Two common unsafe memory operations we can accidentally do are given as follows:

• Type Unsafe Operations: The accessing and use of memory whose type differs from the expected type.
• Temporally Unsafe Operations: The accessing and use of memory not allocated, or already freed by the program.

The Rust compiler avoids these issues by adding a constraint to the compiler to ensure memory safe programs. To do this, Rust adheres to two key concepts: ownership and lifetimes, described below.

However, as a result of this convenience, there are a subset of safe programs that Rust will not be able to compile!

Ownership §

To implement proper memory management, higher level languages will typically utilize some form of garbage collection in order to manage memory. However, this creates overhead, and can significantly slow down a program!

To work around this, Rust adheres to an idea called ownership. Ownership in Rust follows 3 rules:

1. Every value has an “owner”.
2. Only one owner is allowed at any given time, though ownership can be transferred with a let binding.
3. When a value’s owner goes out of scope, the value will automatically be dropped (freed).

These rules apply to variables referring to memory stored on the heap (“pointer” type variables). Variables storing values that do not refer to the heap simply just have these values copied on another let binding.

let x = String::from("hello"); // Refers to memory on heap
let a = x; // Ownership of "hello" transferred from x -> a
 
let y = 5; // Just a value on the stack
let b = y; // No ownership transfer, b just gets value 5

Intuitively, we can think of this as if the value of a “pointer type” gets copied on the stack, then the ownership will transfer.

Transfer of ownership can be avoided through use of deep copies (through the .clone() method, see Traits), which will duplicate memory allocated on the heap! Instead of transferring ownership of a value on the heap, we can instead assign an owner to a newly allocated value instead.
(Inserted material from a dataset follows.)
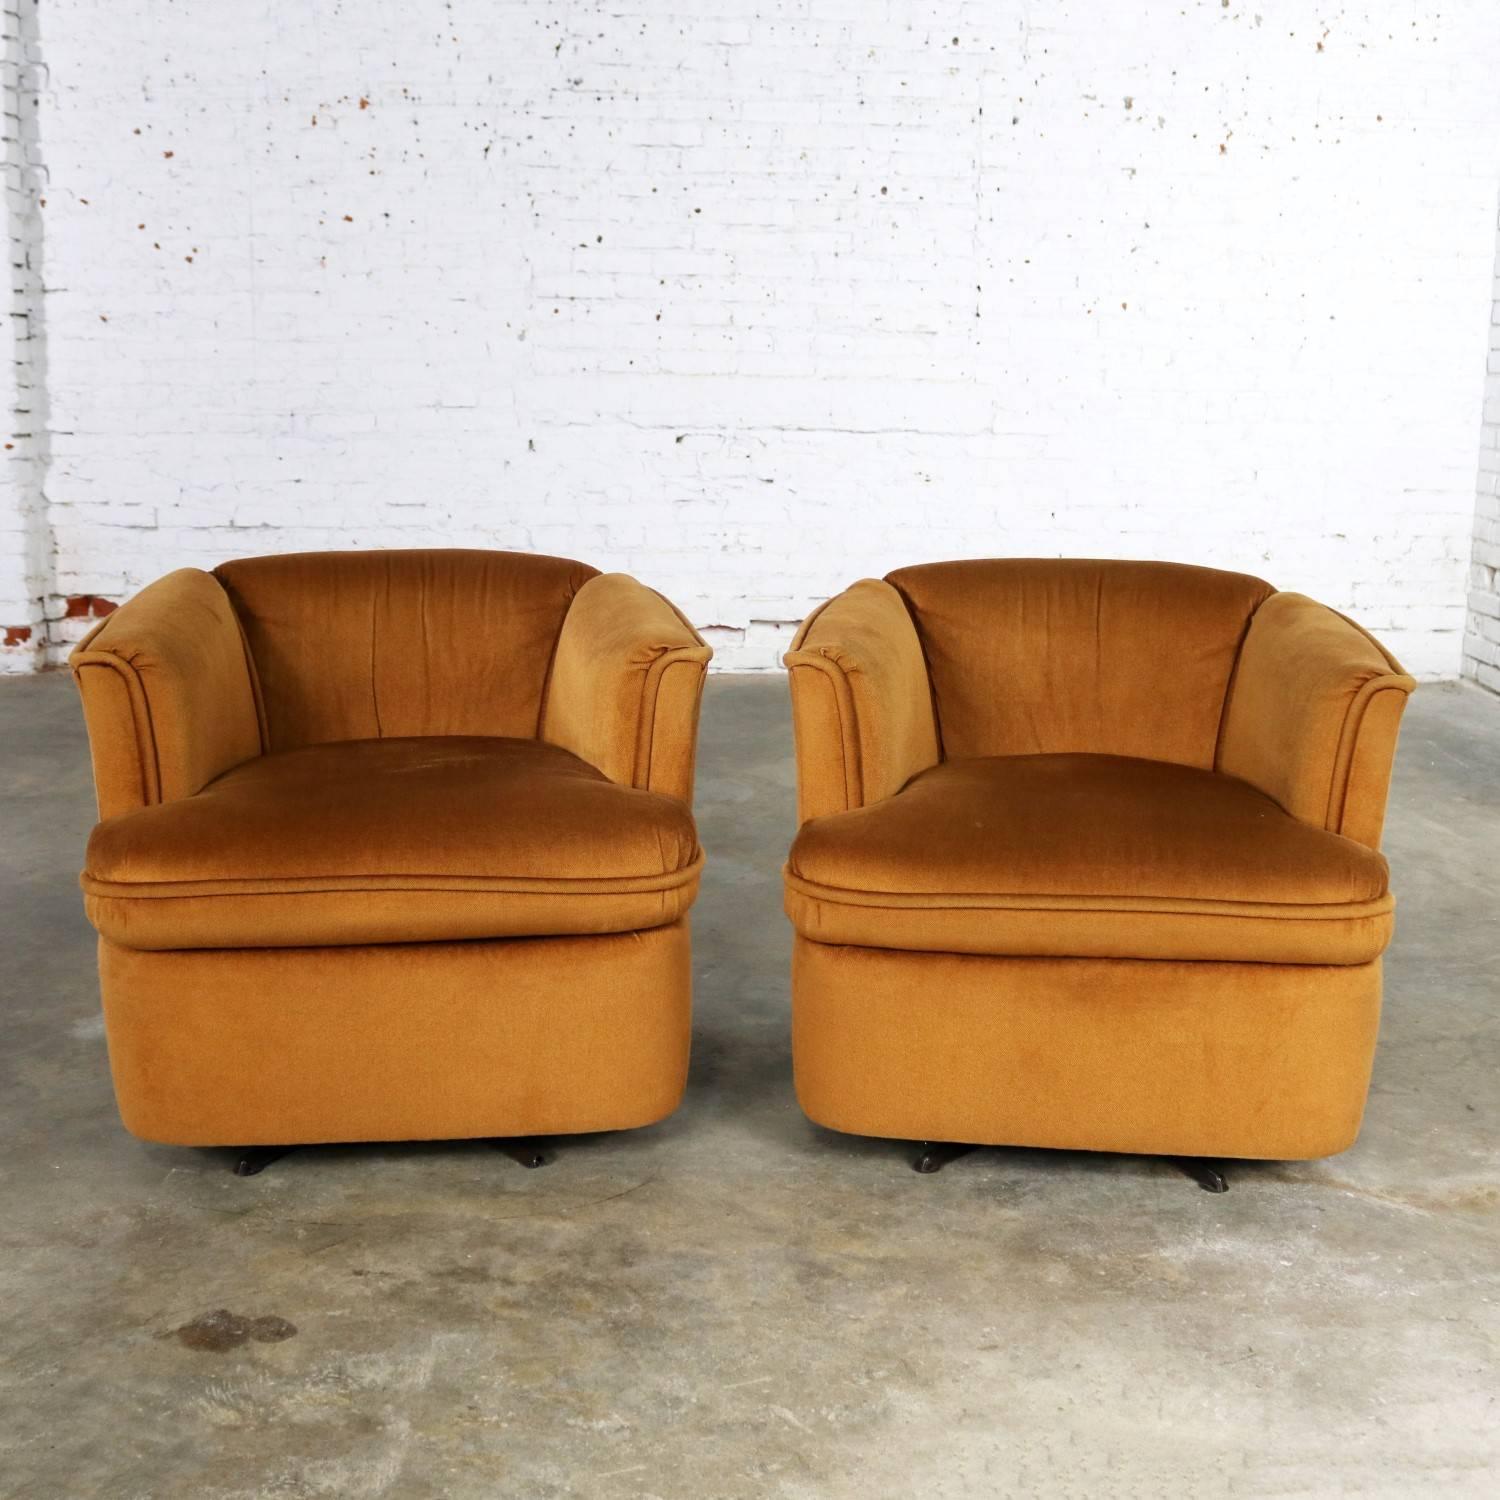 Handsome pair of Drexel barrel shaped swivel club chairs in their original burnt orange velvet upholstery. They are in wonderful vintage condition with normal wear. See photos, circa 1960s.

Perfect petit little pair of swivel barrel chairs!

let x = String::from("hello");
let y = x.clone(); // No ownership transfer, y is the owner of a new "hello"

By guaranteeing that a value will always only have one owner, ownership ensures that that invalid frees and undefined memory accesses never occur, as ownership allows these properties to be checked for during compile time!

See the below example of ownership.

Example: Ownership in Rust

Because only one owner is allowed at a time, only one variable may be used to refer to variables on the heap at any given time. Consider the following example, where we bind x to a string allocated from the heap.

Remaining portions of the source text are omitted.